■ What is being asked ■
The data below should be restated word for word, pictures omitted.

Data START

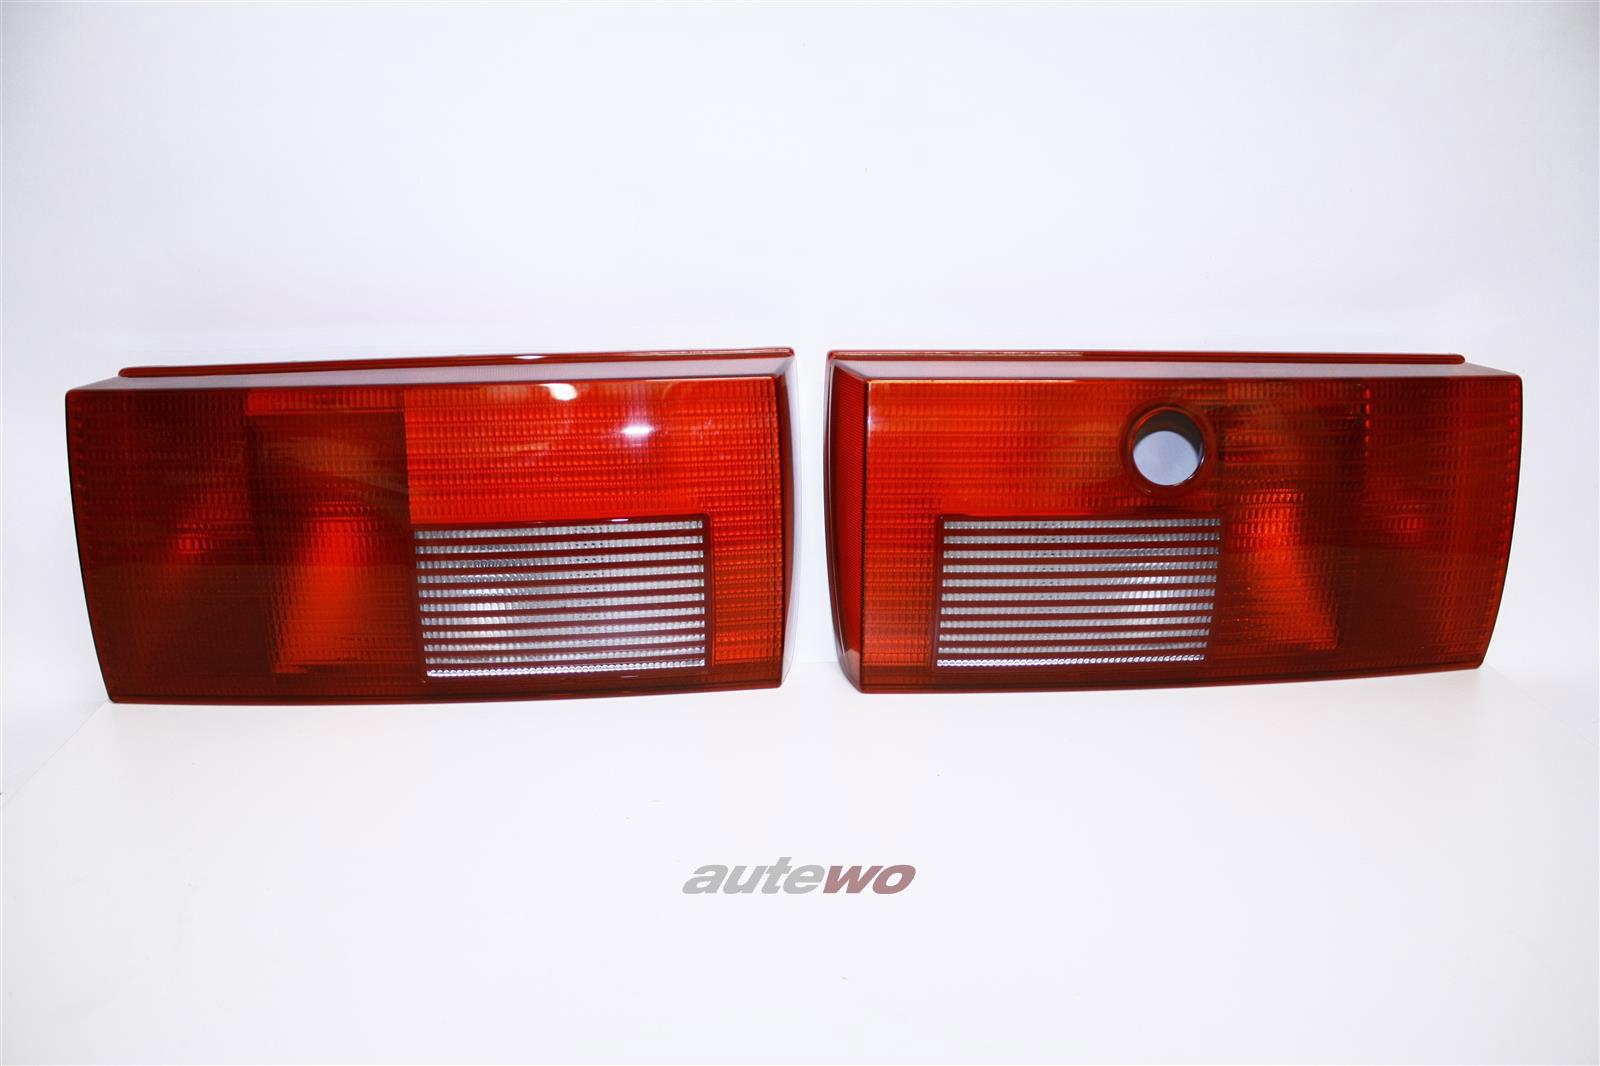 8A0945223B & 8A0945224C NEU Audi 80 B4 Limousine US-Rückleuchten
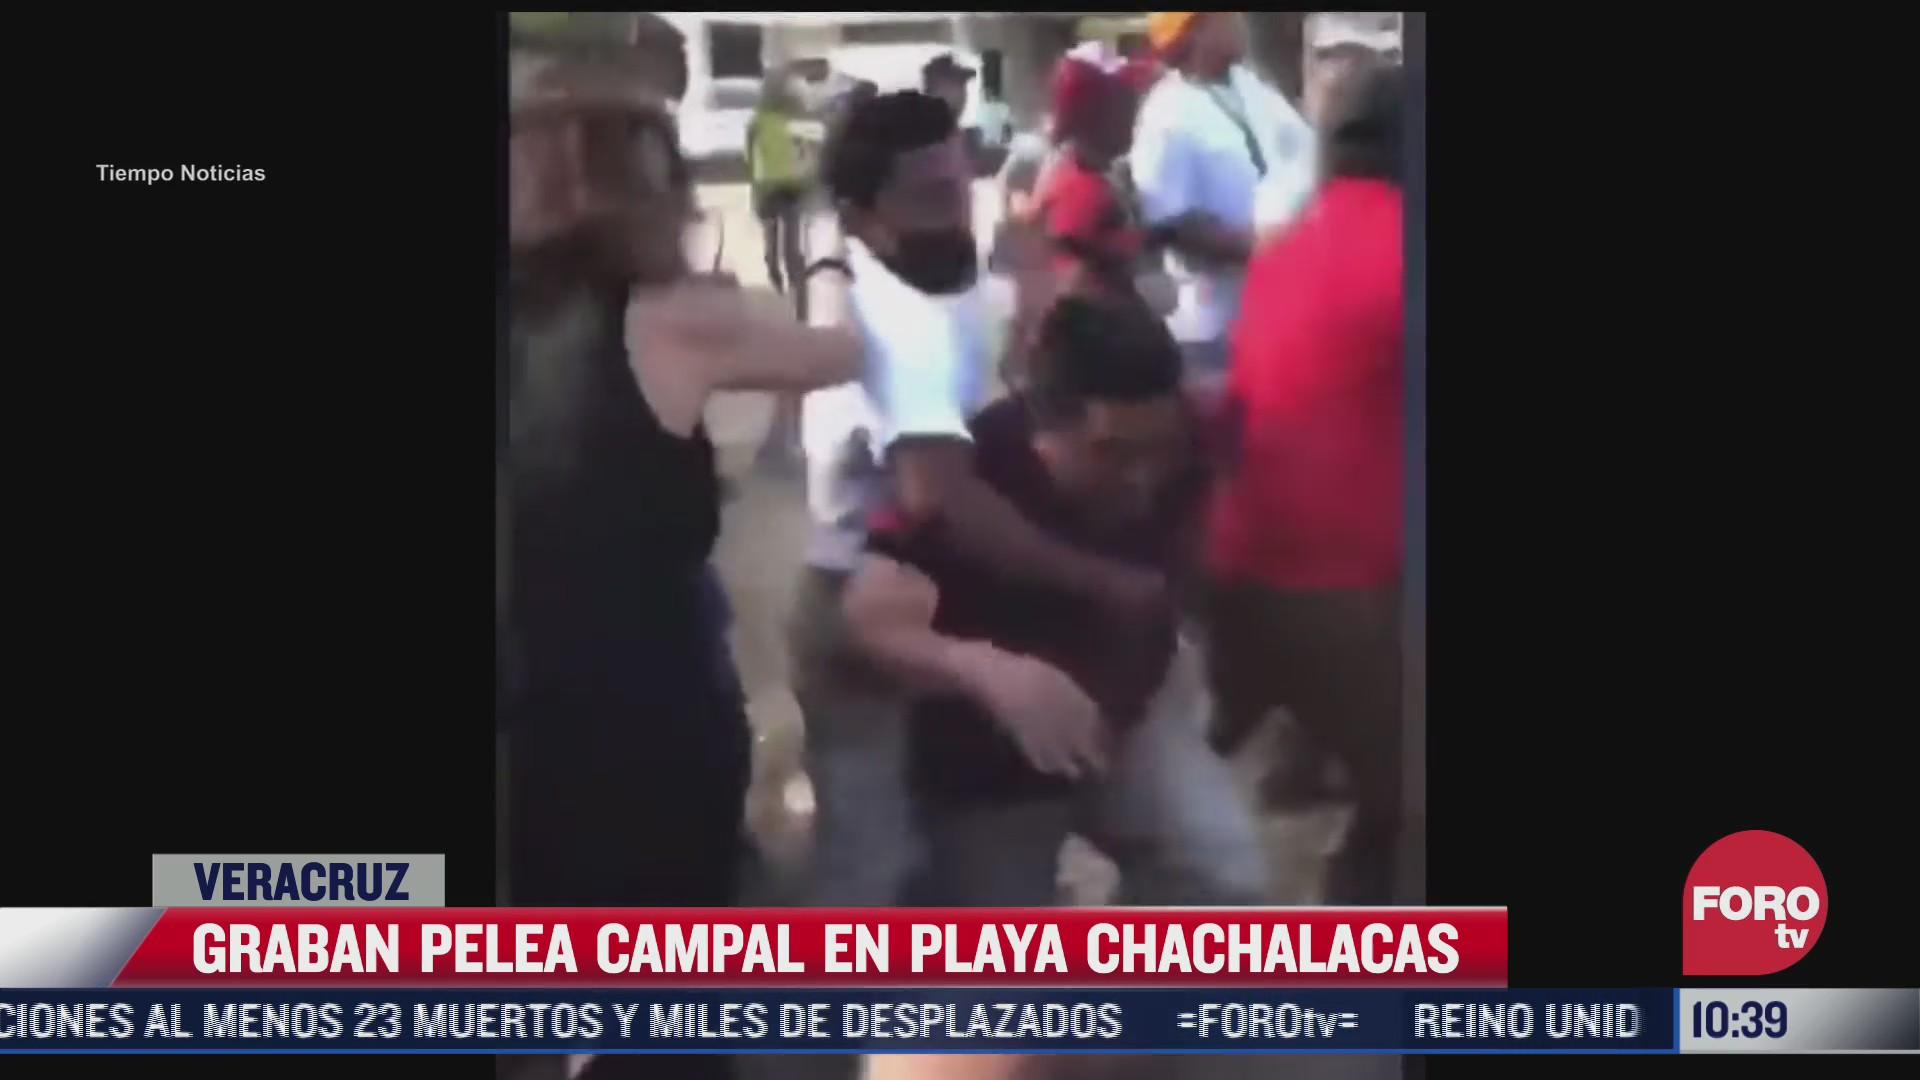 graban pelea campal en playa chachalacas veracruz
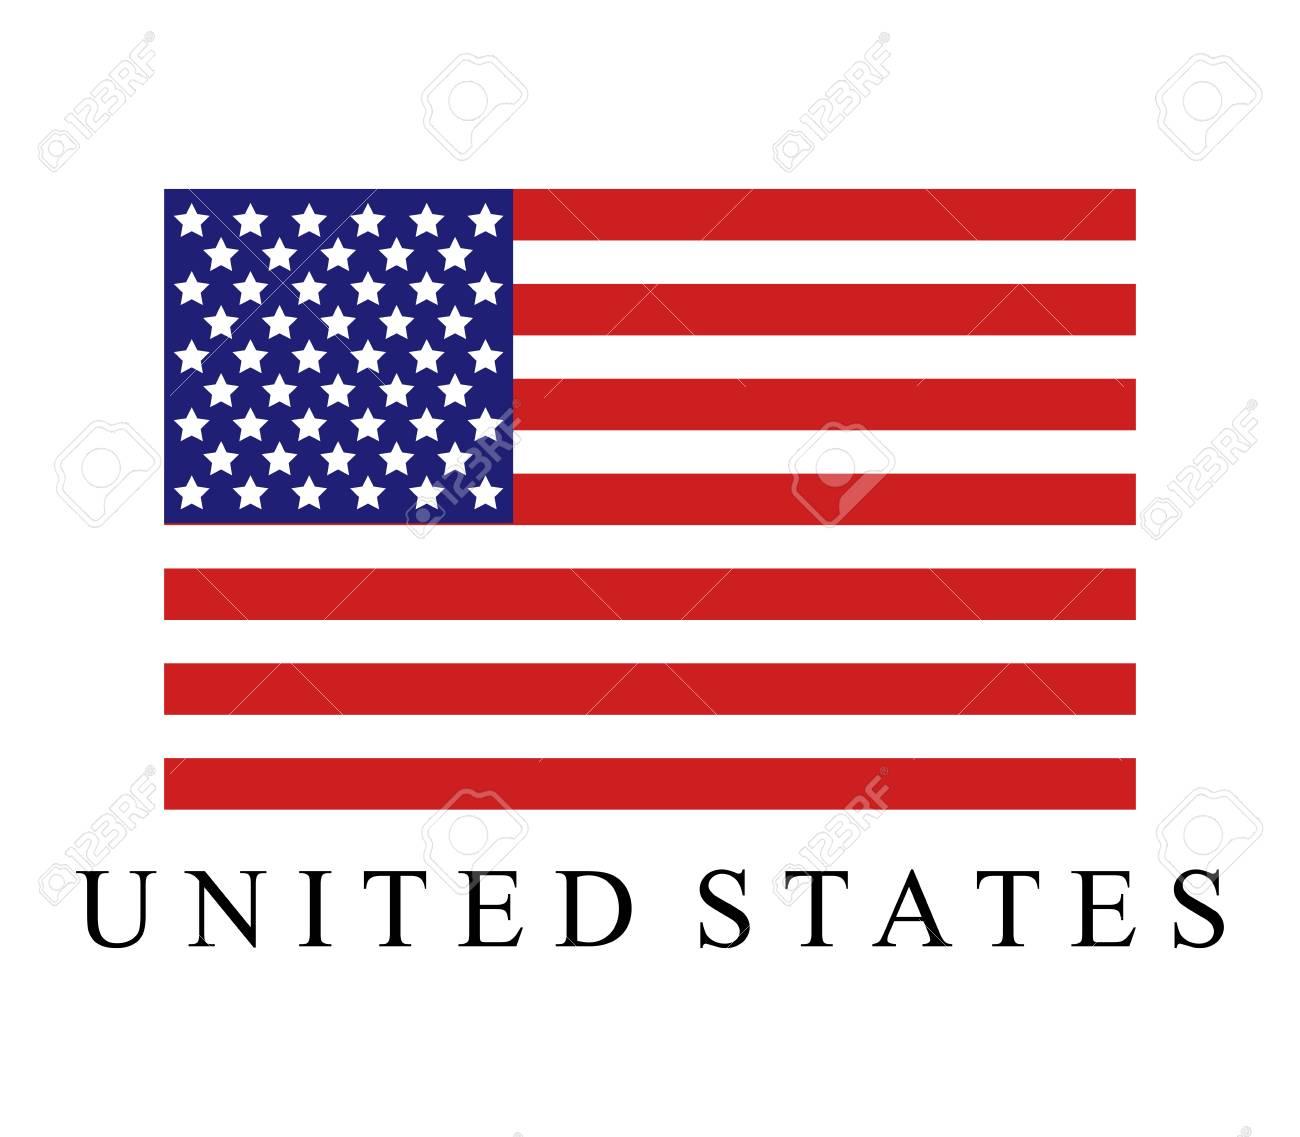 United States flag icon. - 98363617
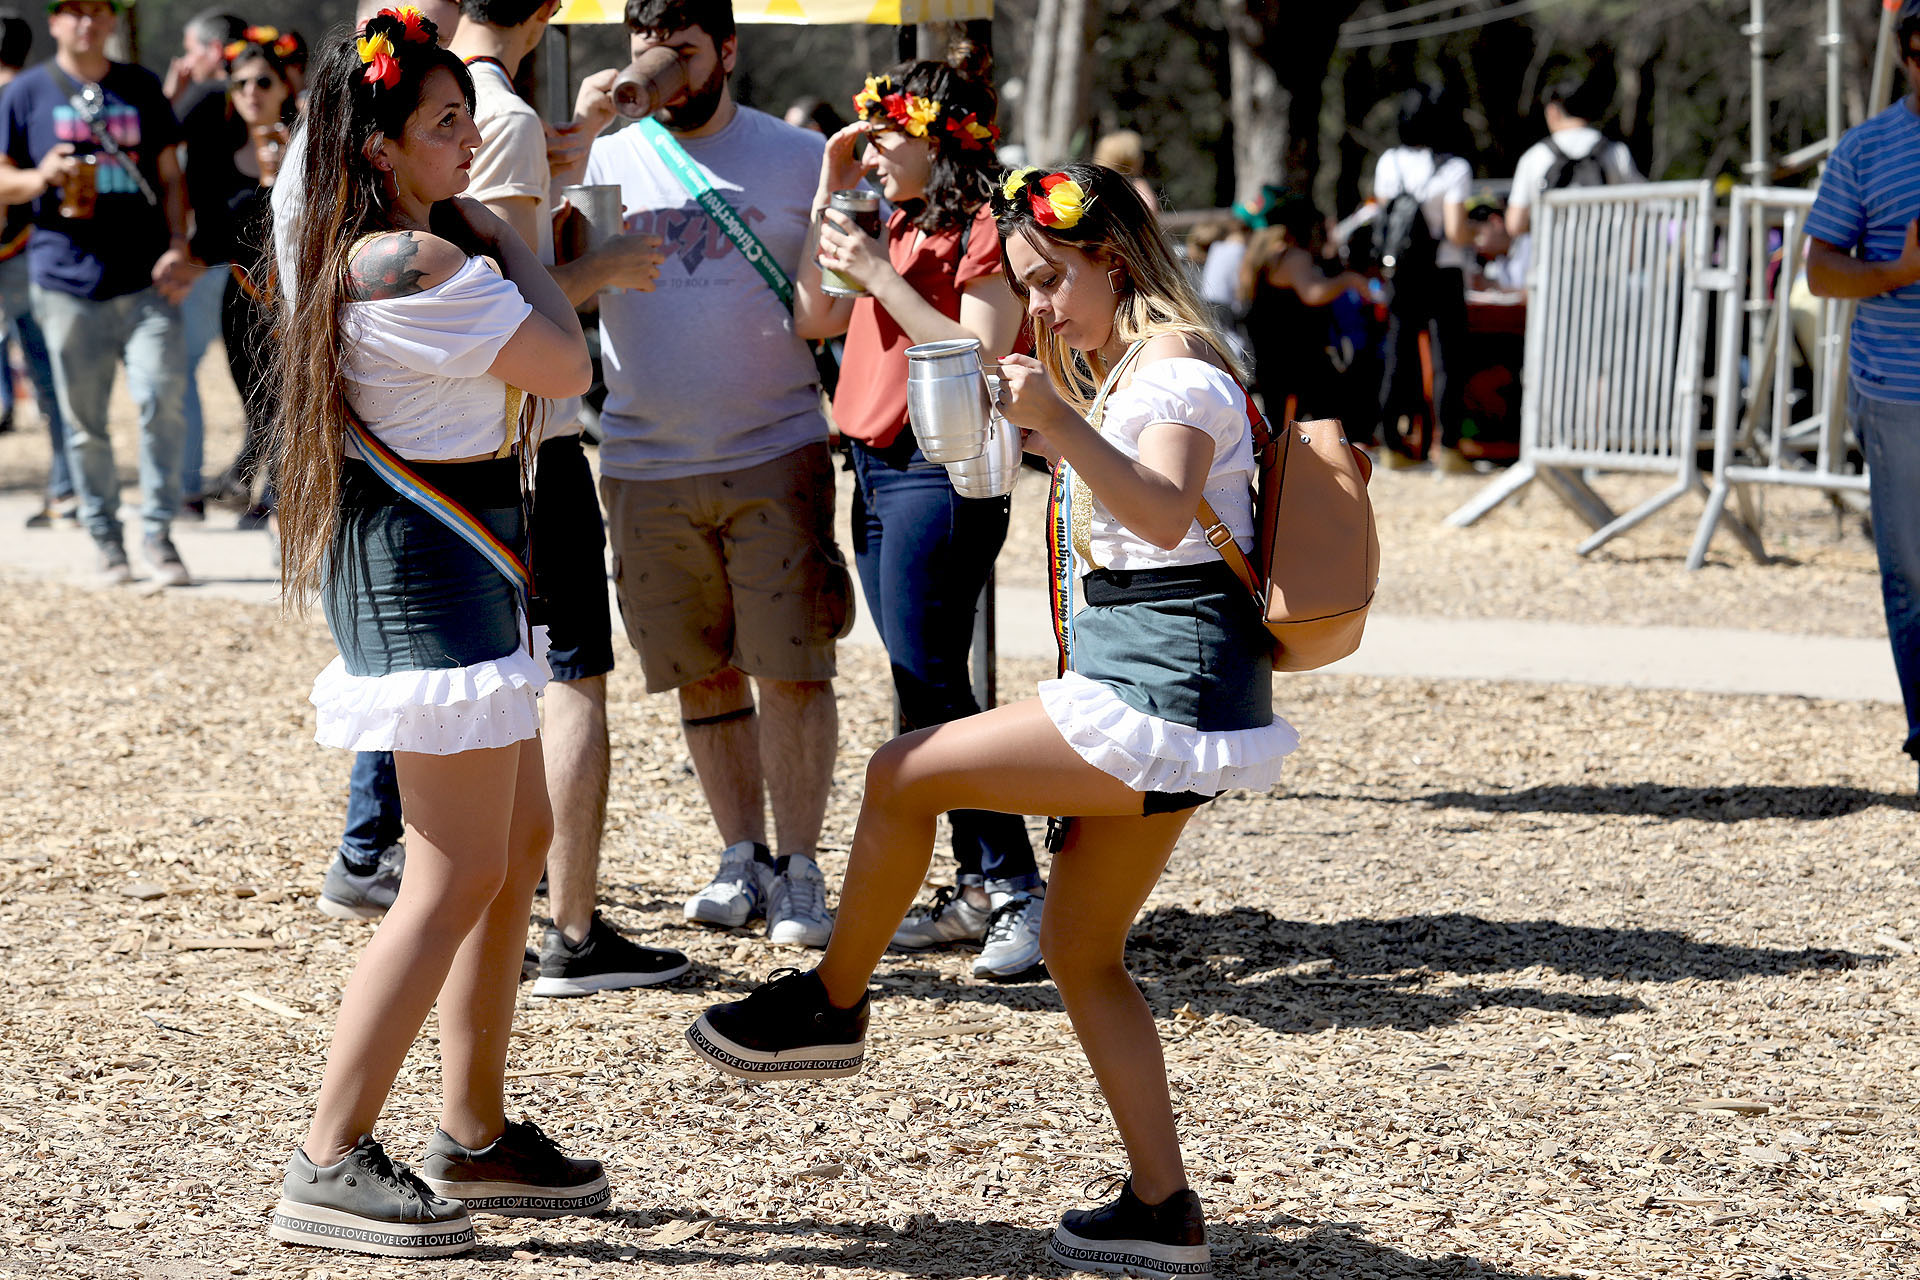 Las chicas improvisan pasos al ritmo de la música germana

Data END

■ Solution for this problem ■
 8A0945223B & 8A0945224C NEU Audi 80 B4 Limousine US-Rückleuchten
 graban pelea campal en playa chachalacas veracruz
 United States flag icon. - 98363617
 Las chicas improvisan pasos al ritmo de la música germana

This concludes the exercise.